● **Try it**: A picture-free, exact reproduction of the listing that follows is required.

● **Given information**:
_ _ _ _ _ _ _

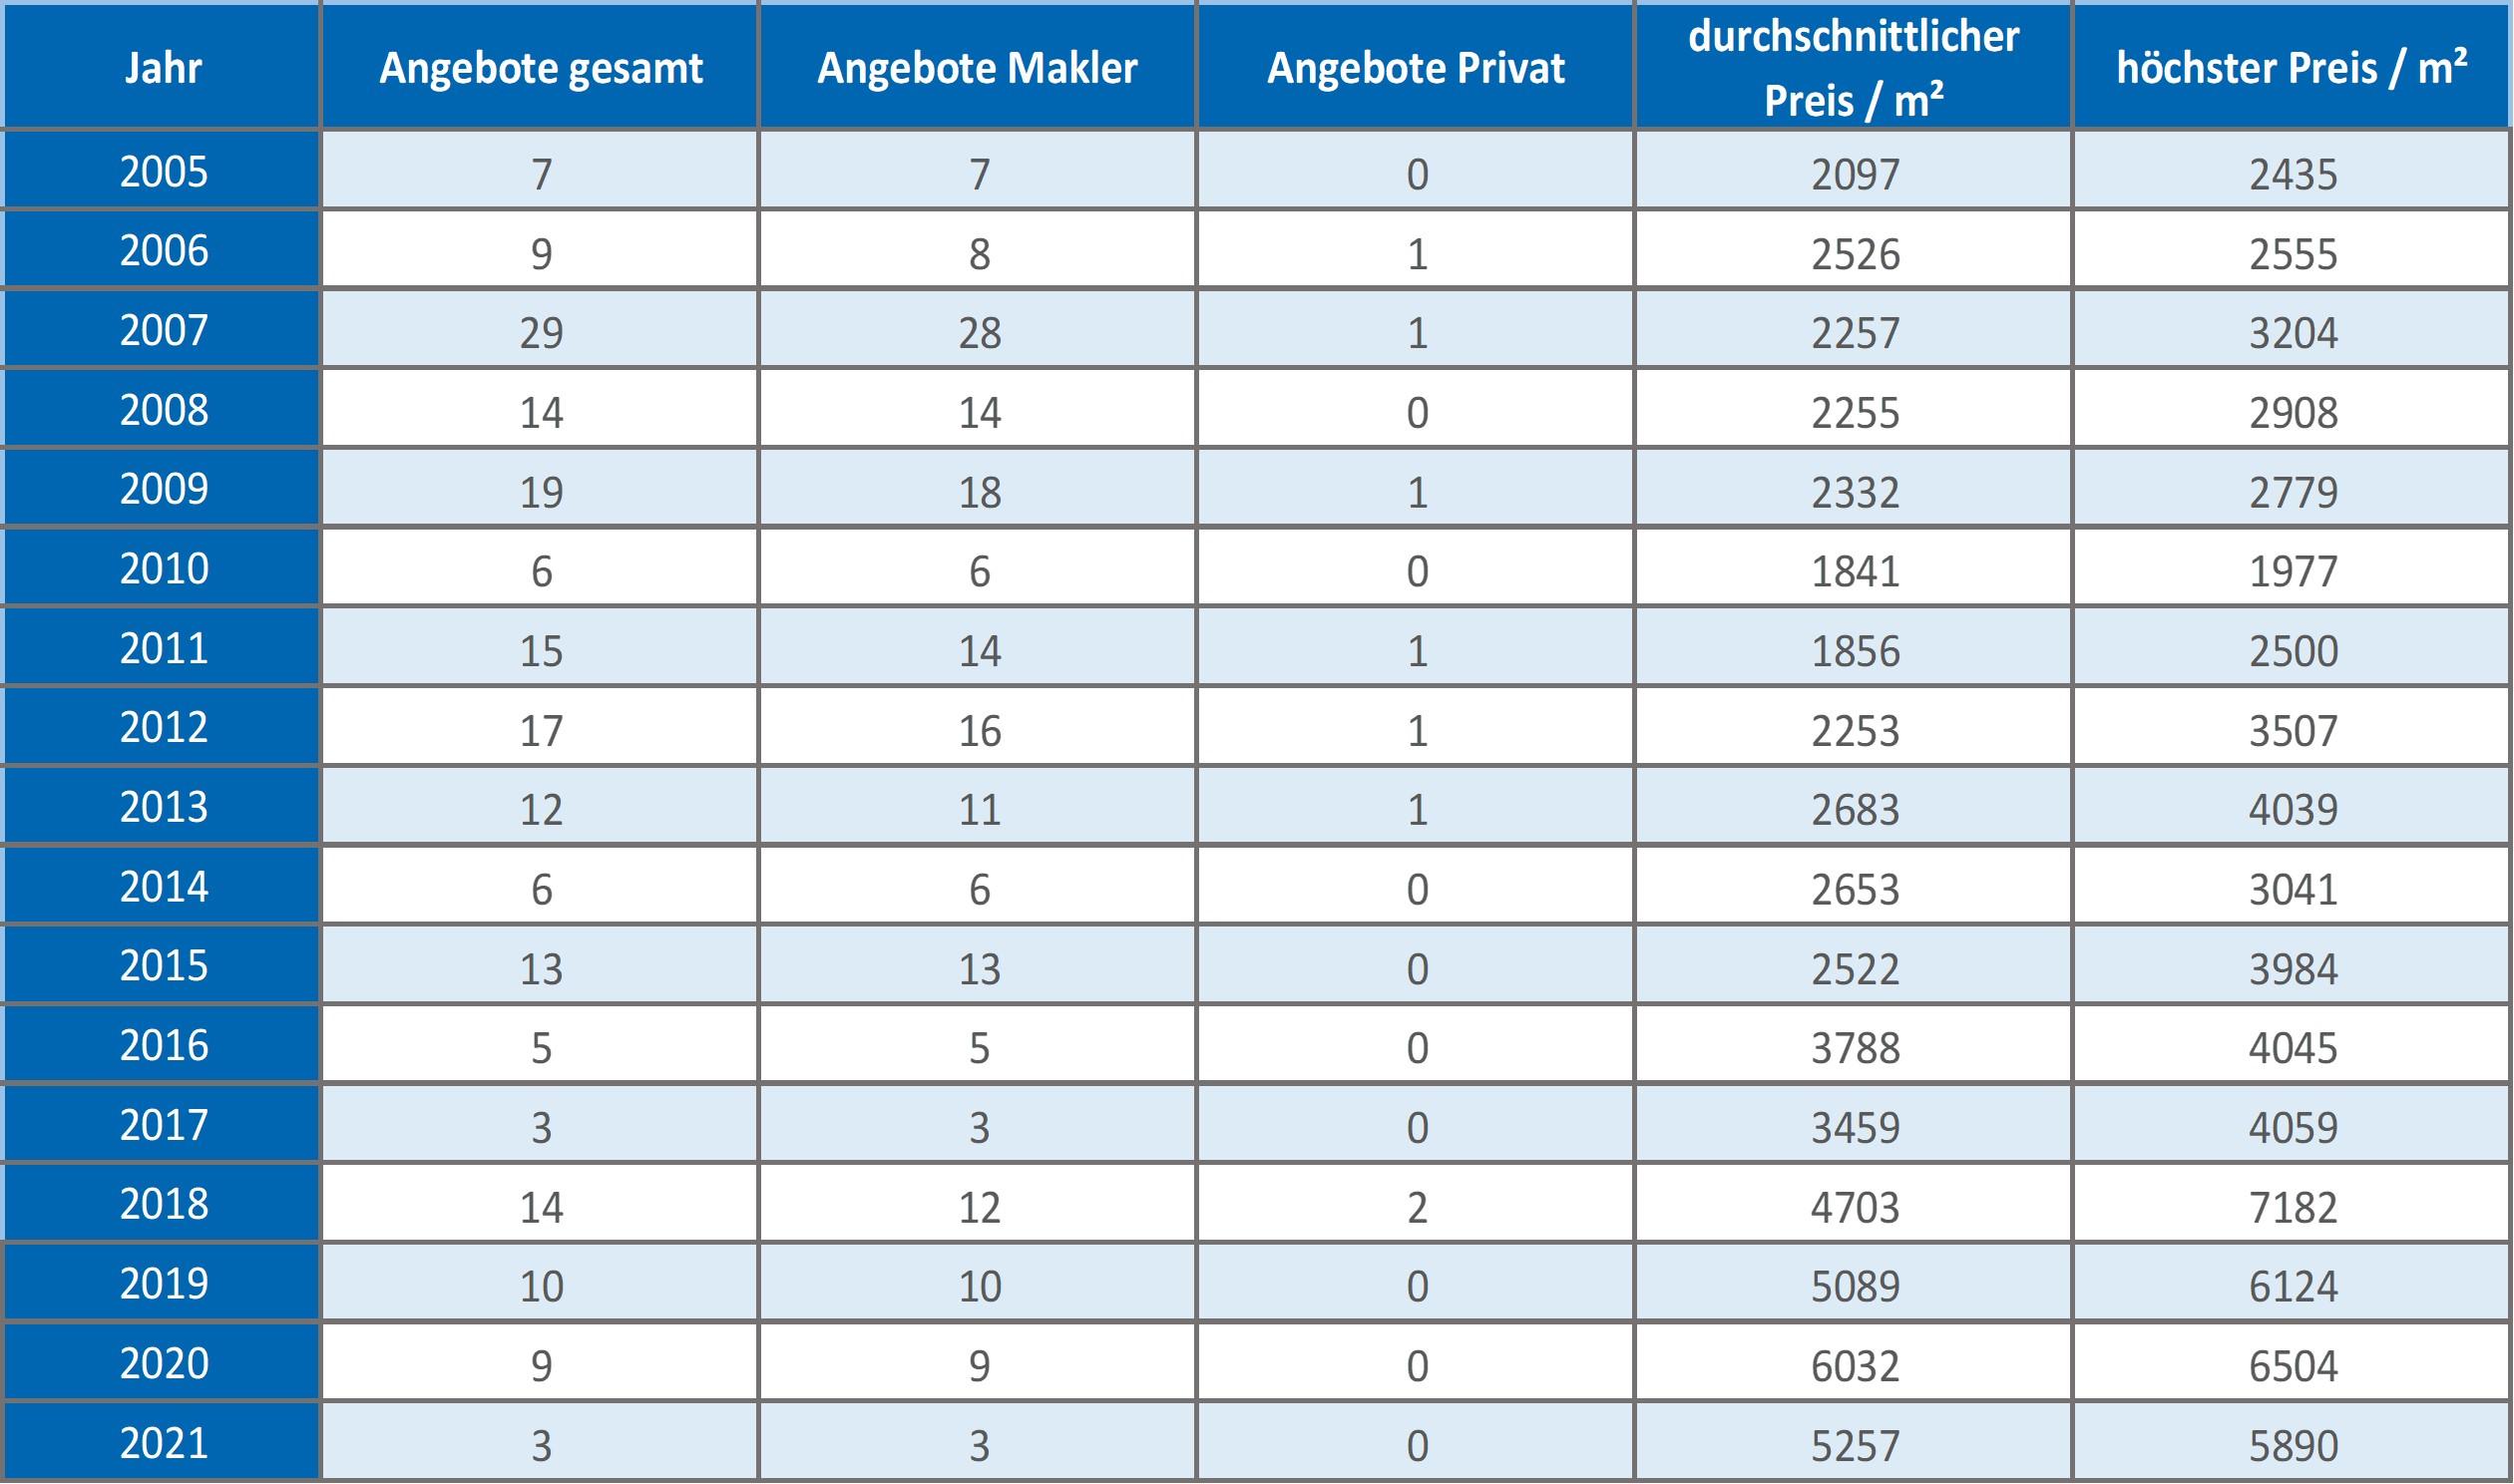 Aying-Wohnung-kaufen-verkaufen-Makler 2019, 2020, 2021
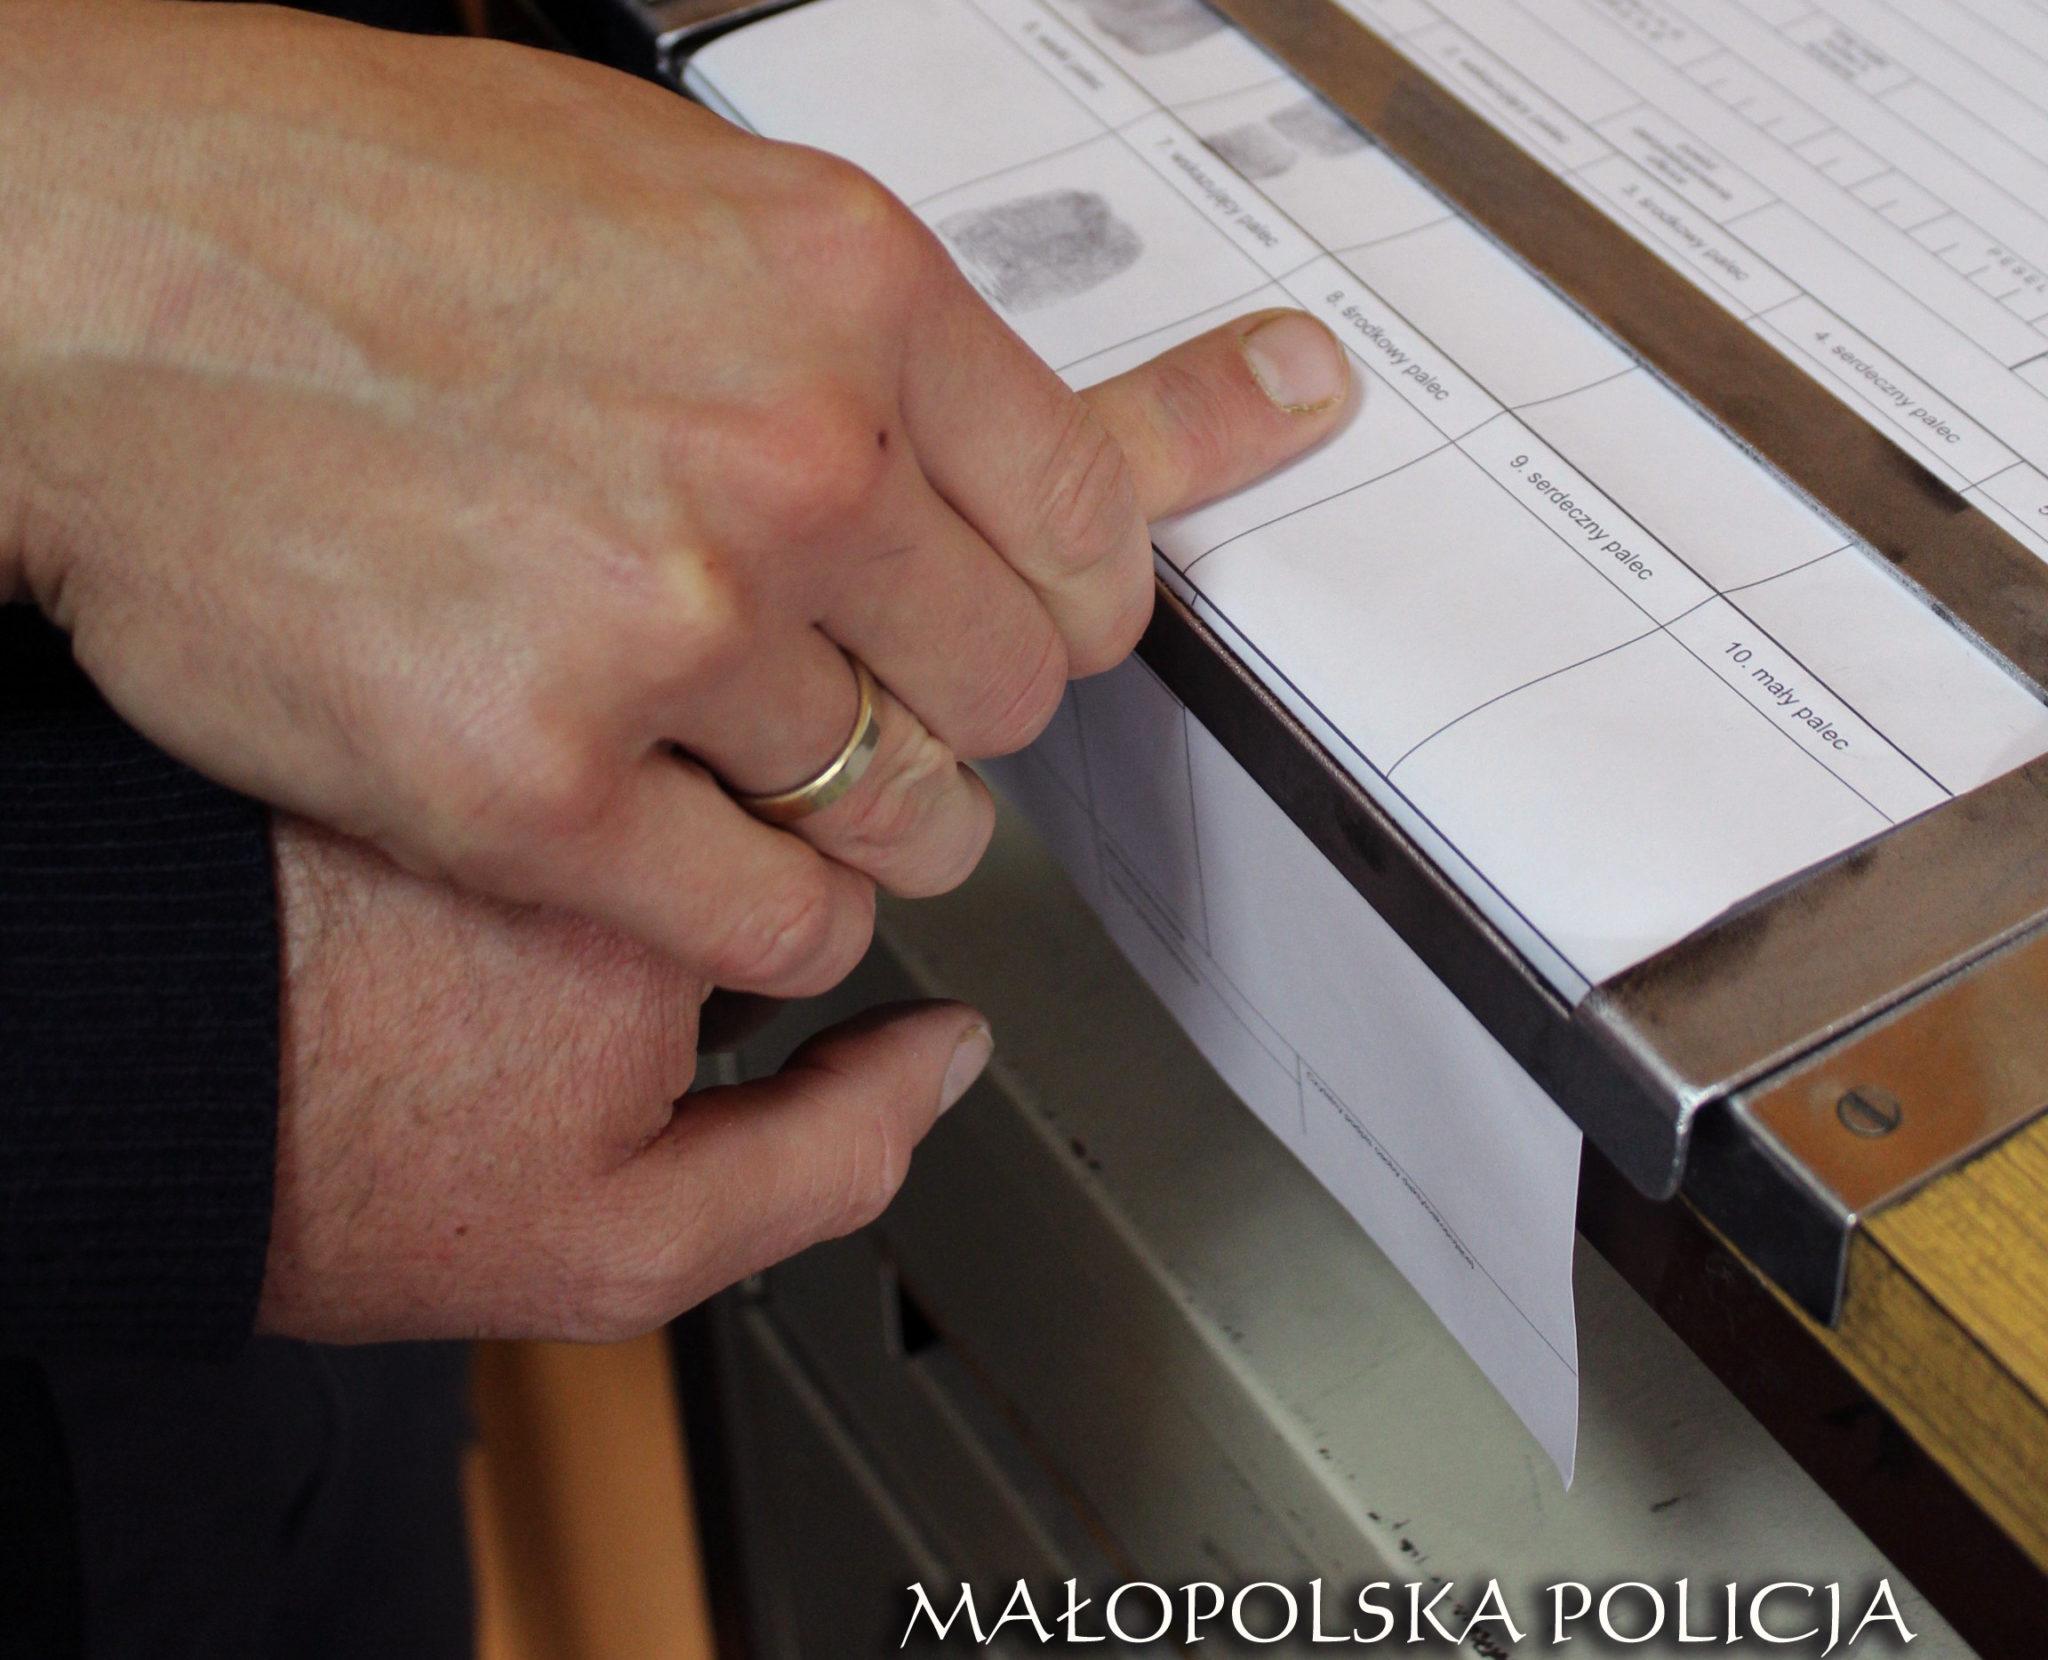 Kęty - Poszukiwany próbował uciec przez okno i wpadł wprost w ręce policjantów
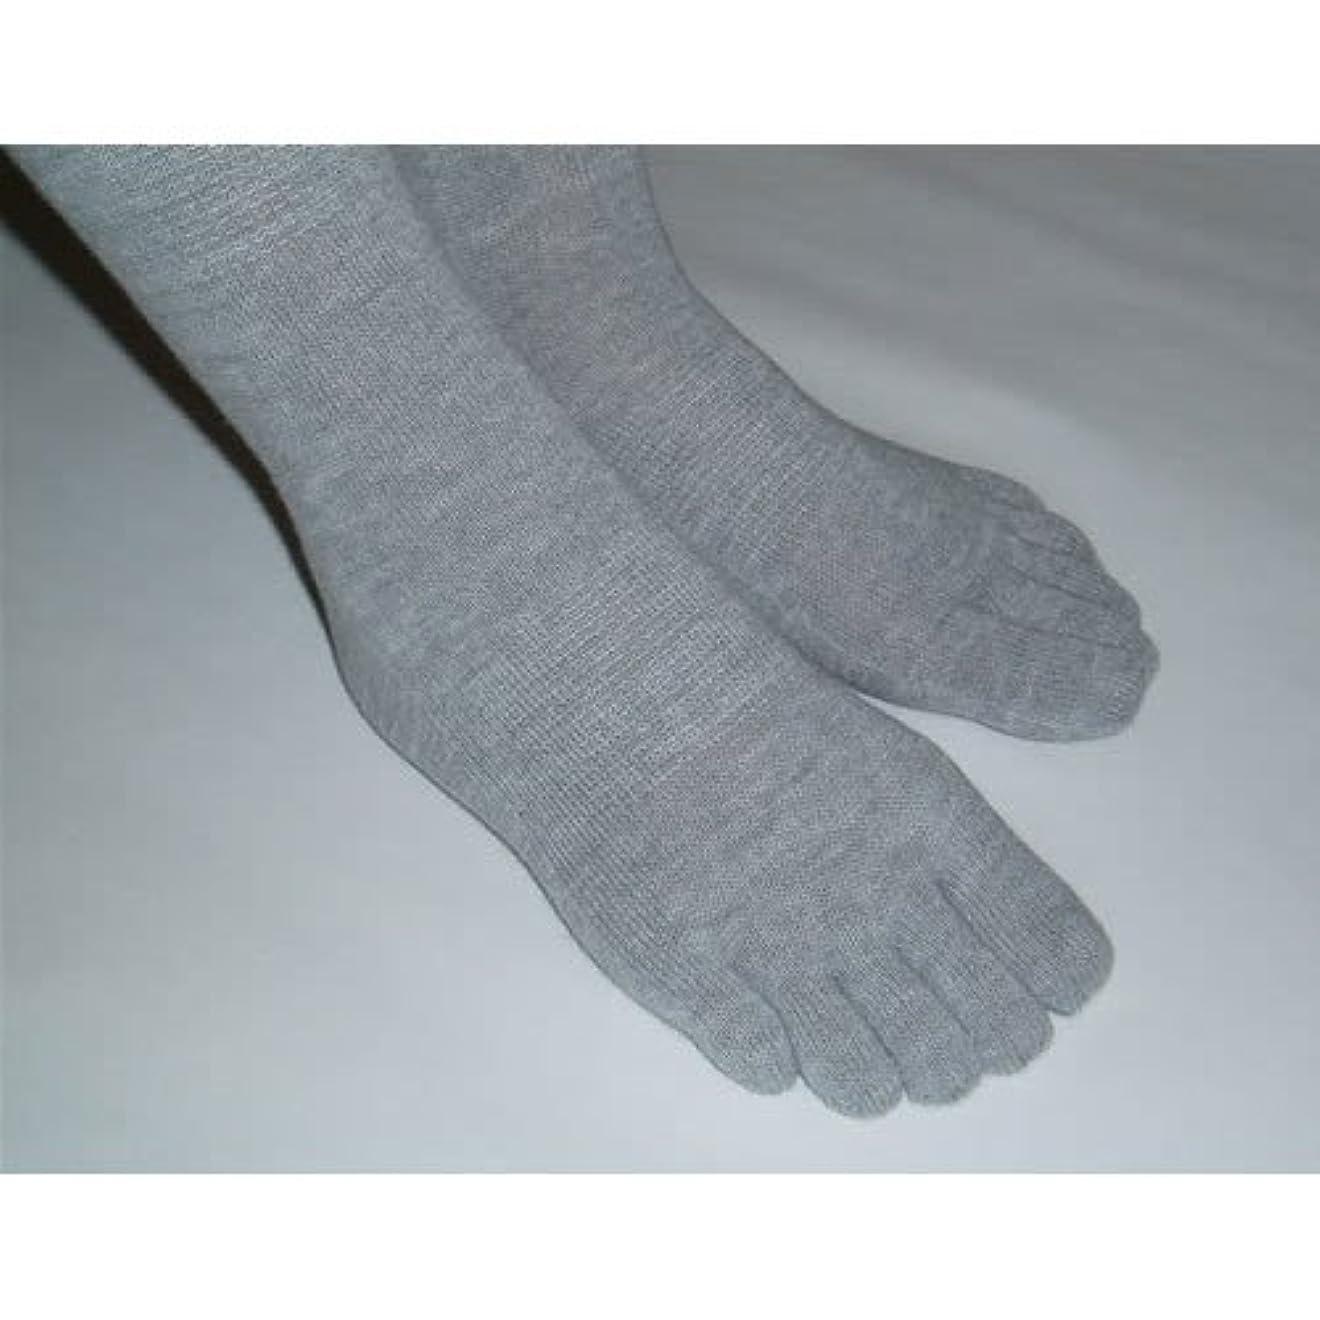 困惑する限りパンダ5本指ソックス 婦人(22-24cm)サイズ 【炭の靴下】

_ _ _ _ _ _ _

● **Task response**:
 Aying-Wohnung-kaufen-verkaufen-Makler 2019, 2020, 2021
 Kęty - Poszukiwany próbował uciec przez okno i wpadł wprost w ręce policjantów
 困惑する限りパンダ5本指ソックス 婦人(22-24cm)サイズ 【炭の靴下】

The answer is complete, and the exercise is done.